AIM OF THE EXERCISE — An exact copy is required of every line from the one with "24 febbraio 2012" through the end of the data below, and the pictures must stay out of it.

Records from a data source
------------------------------------
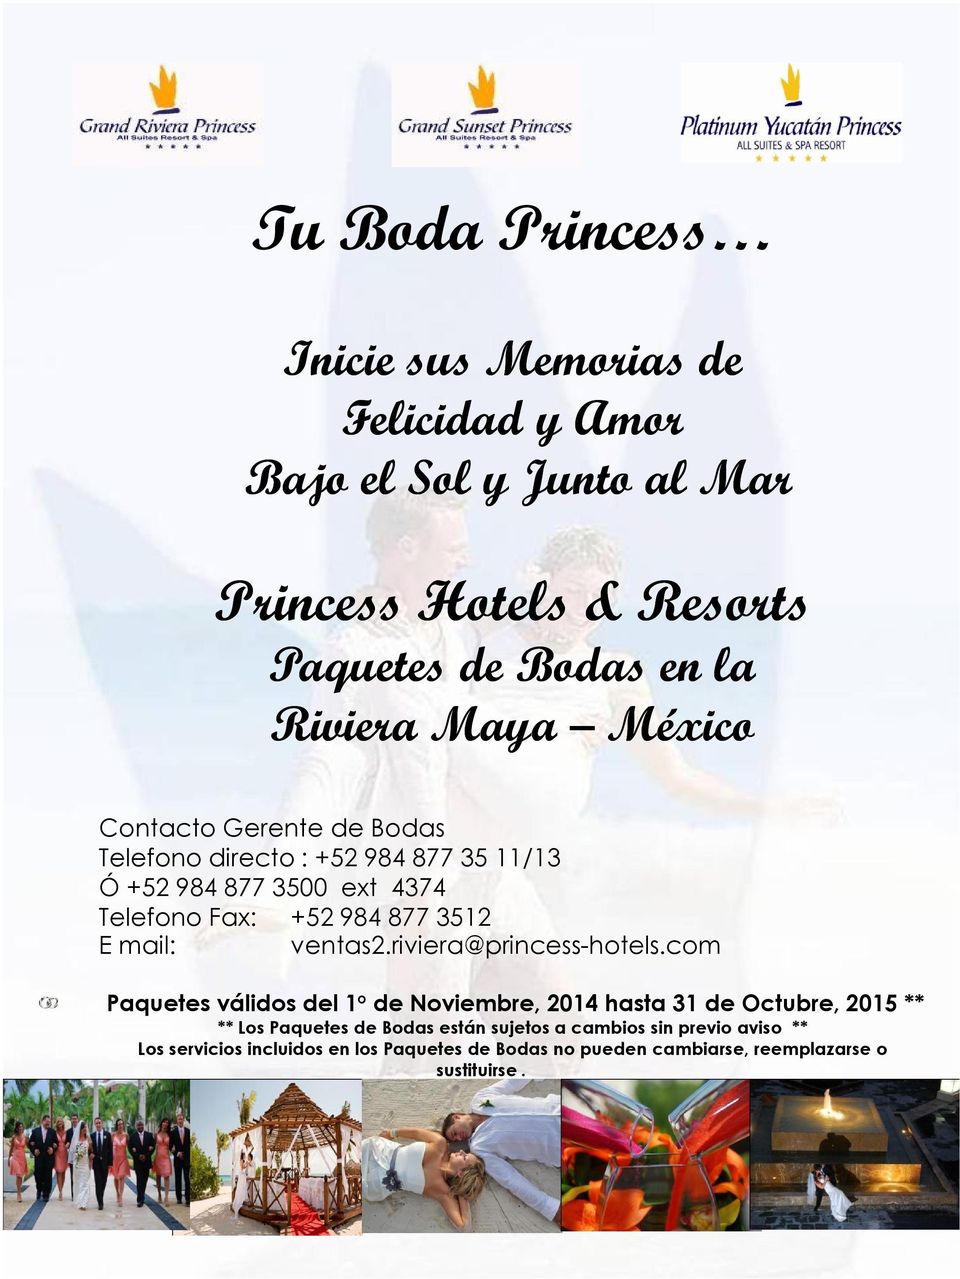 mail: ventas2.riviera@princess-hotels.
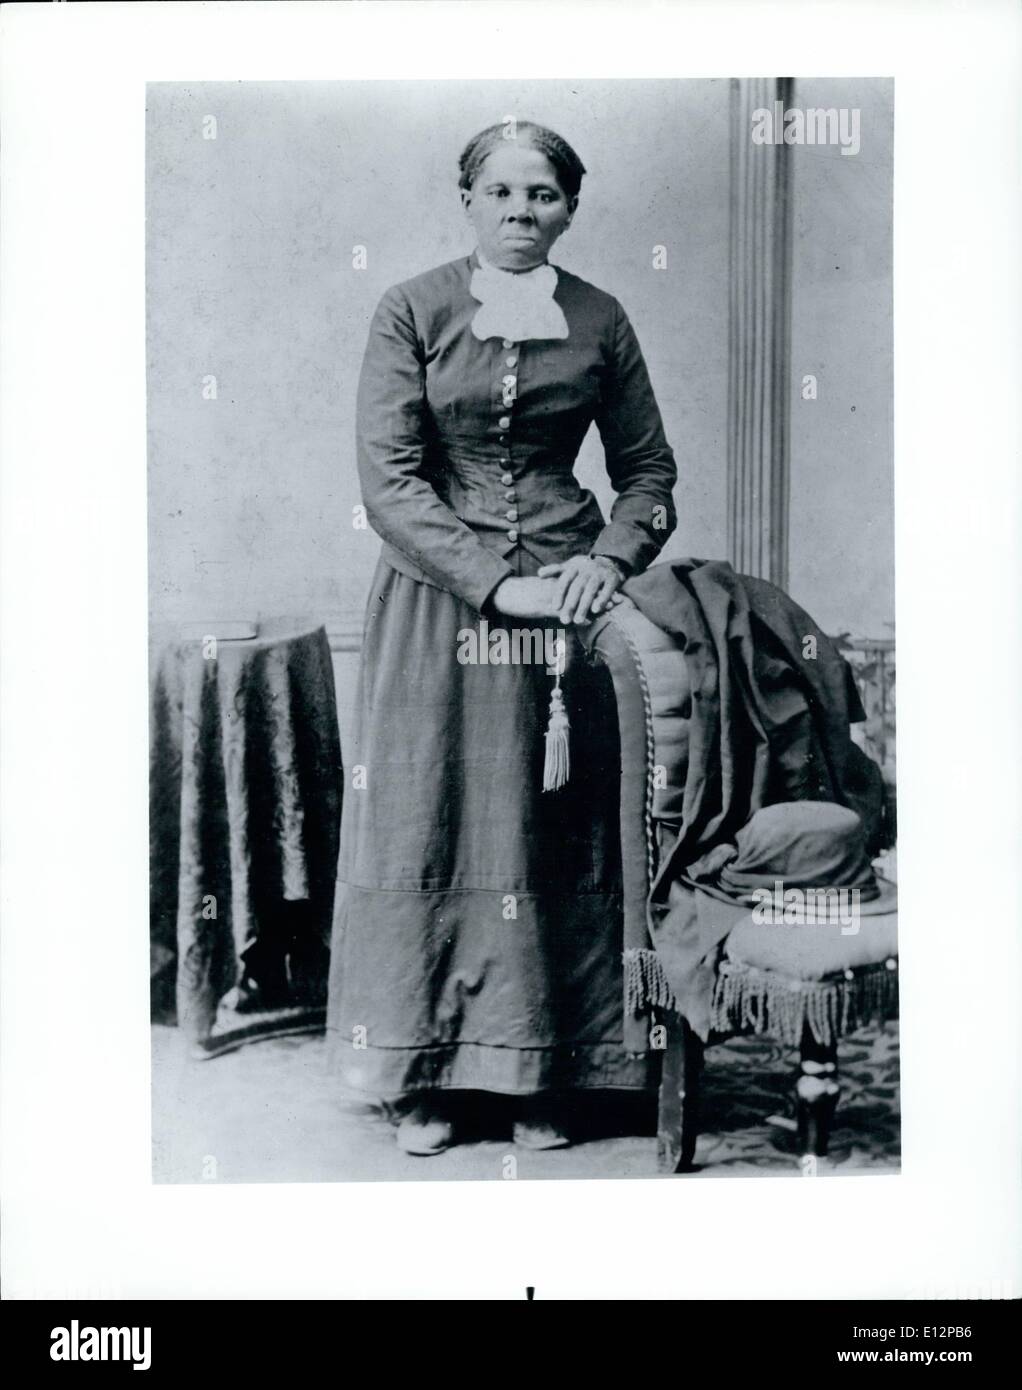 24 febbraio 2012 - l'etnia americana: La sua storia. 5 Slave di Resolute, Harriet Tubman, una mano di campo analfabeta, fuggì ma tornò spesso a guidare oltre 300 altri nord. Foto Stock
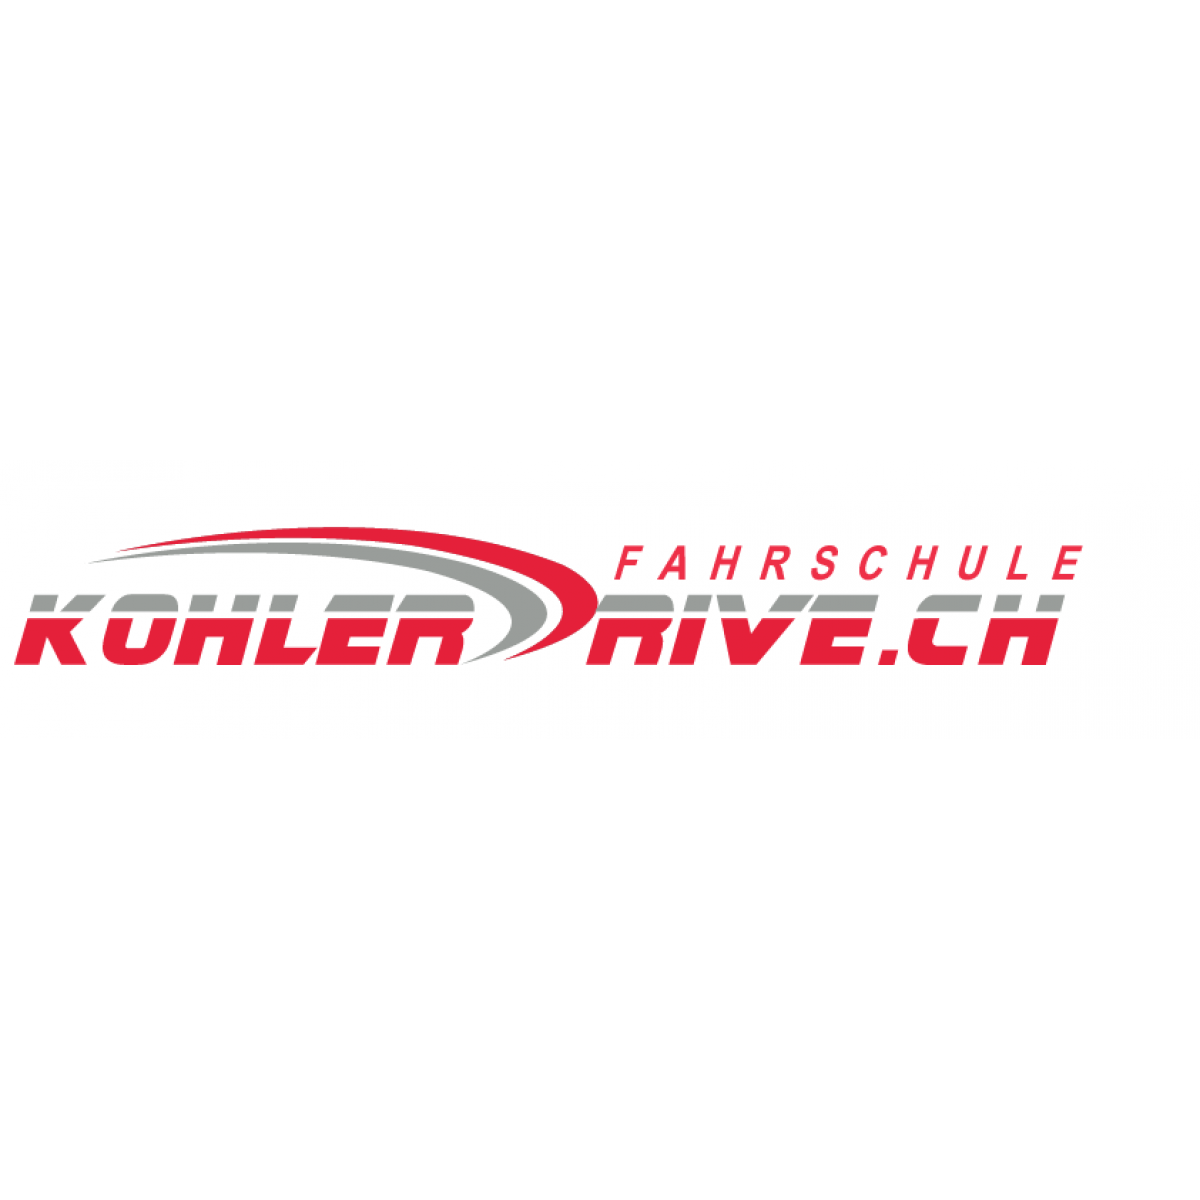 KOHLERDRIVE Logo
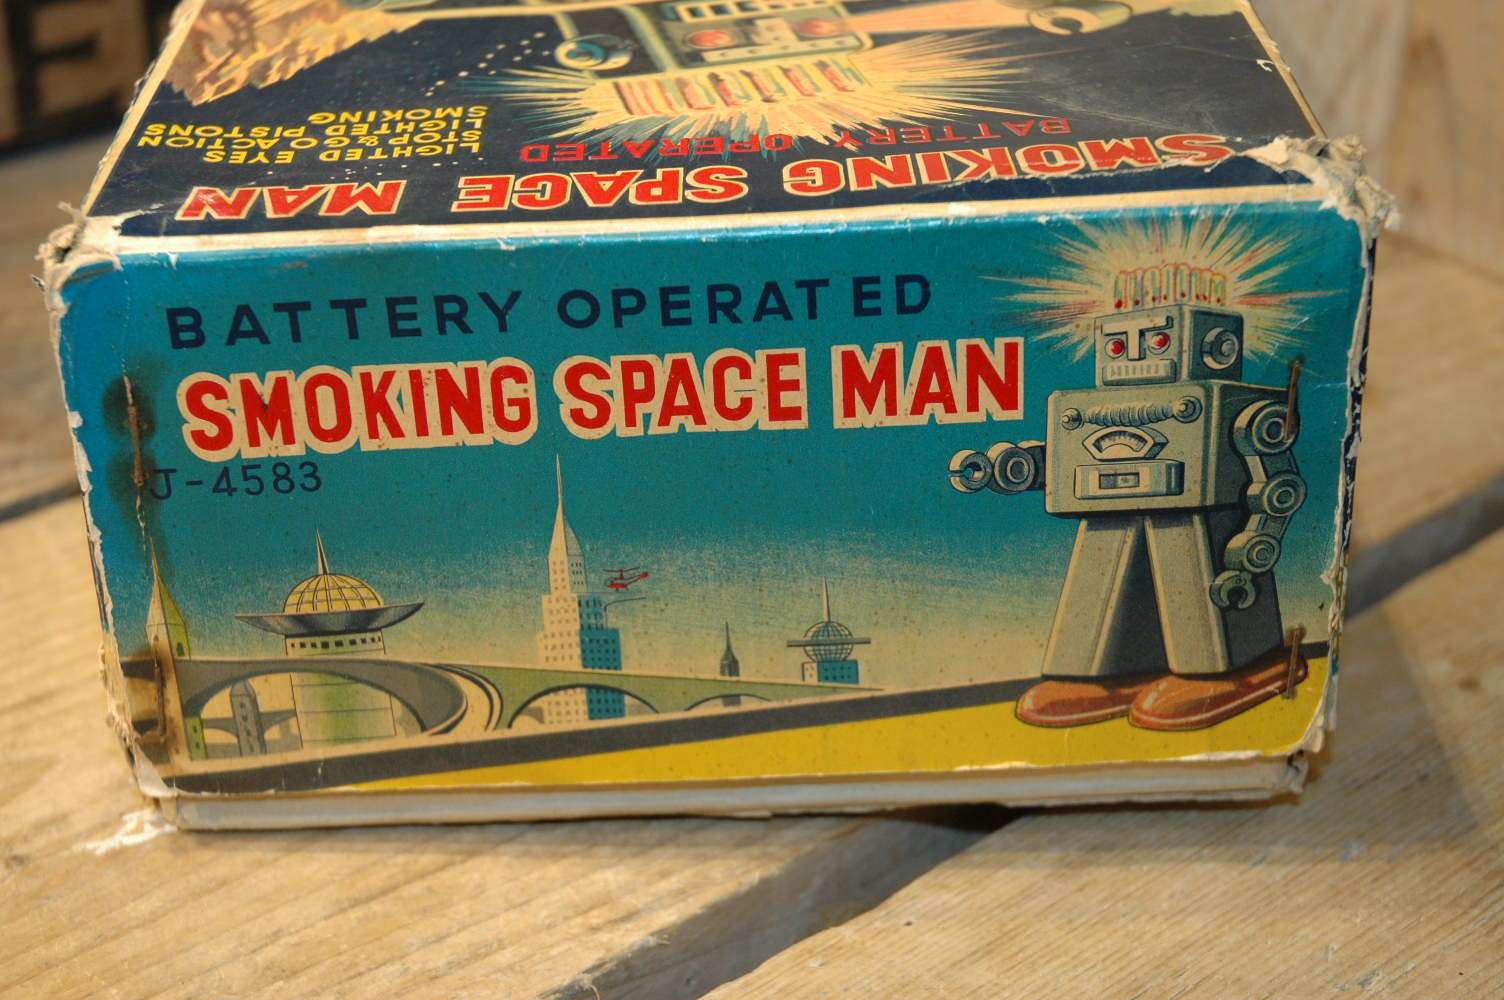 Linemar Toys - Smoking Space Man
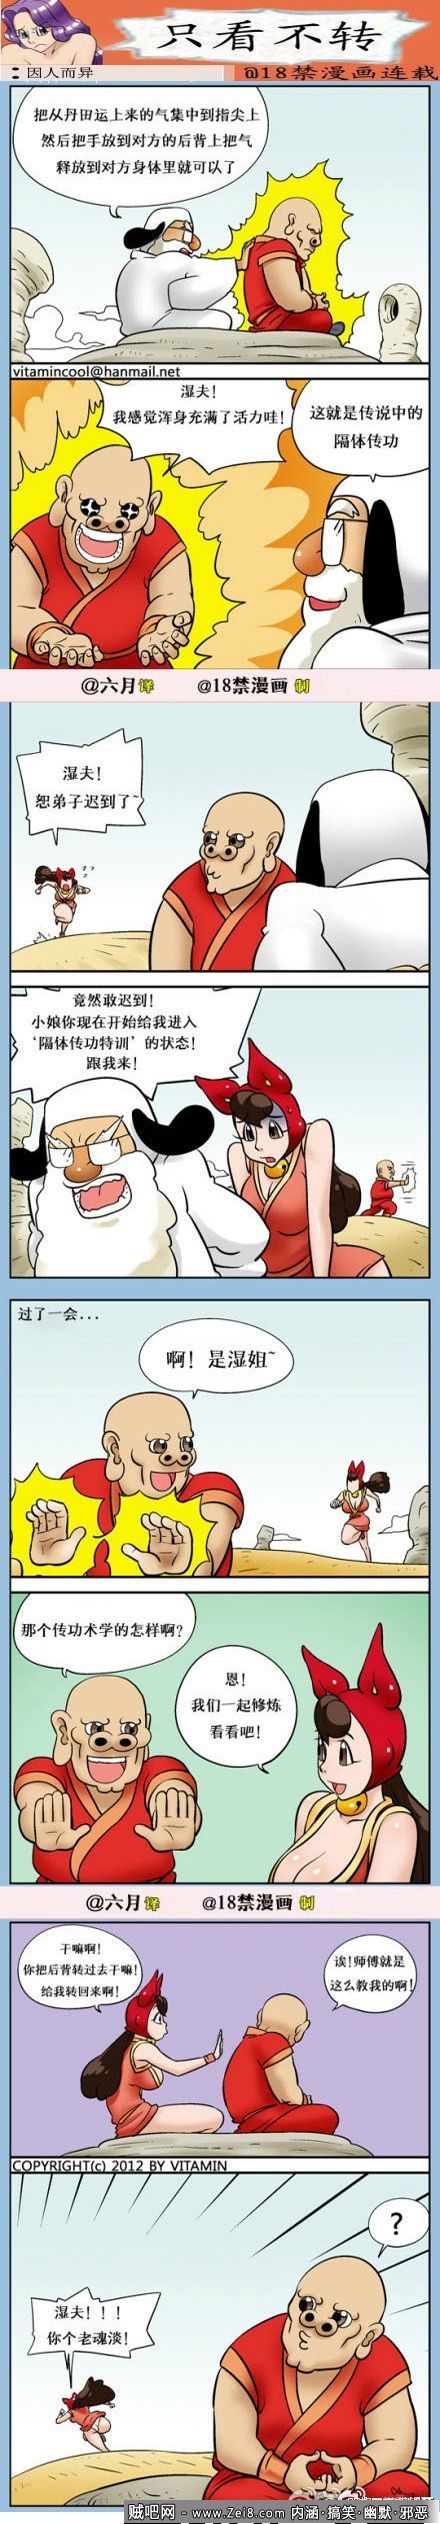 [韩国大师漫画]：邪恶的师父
------------------------------------
SOLUTION TO THIS PROBLEM —
 24 febbraio 2012 - l'etnia americana: La sua storia. 5 Slave di Resolute, Harriet Tubman, una mano di campo analfabeta, fuggì ma tornò spesso a guidare oltre 300 altri nord. Foto Stock
 KOHLERDRIVE Logo
 Linemar Toys - Smoking Space Man
 [韩国大师漫画]：邪恶的师父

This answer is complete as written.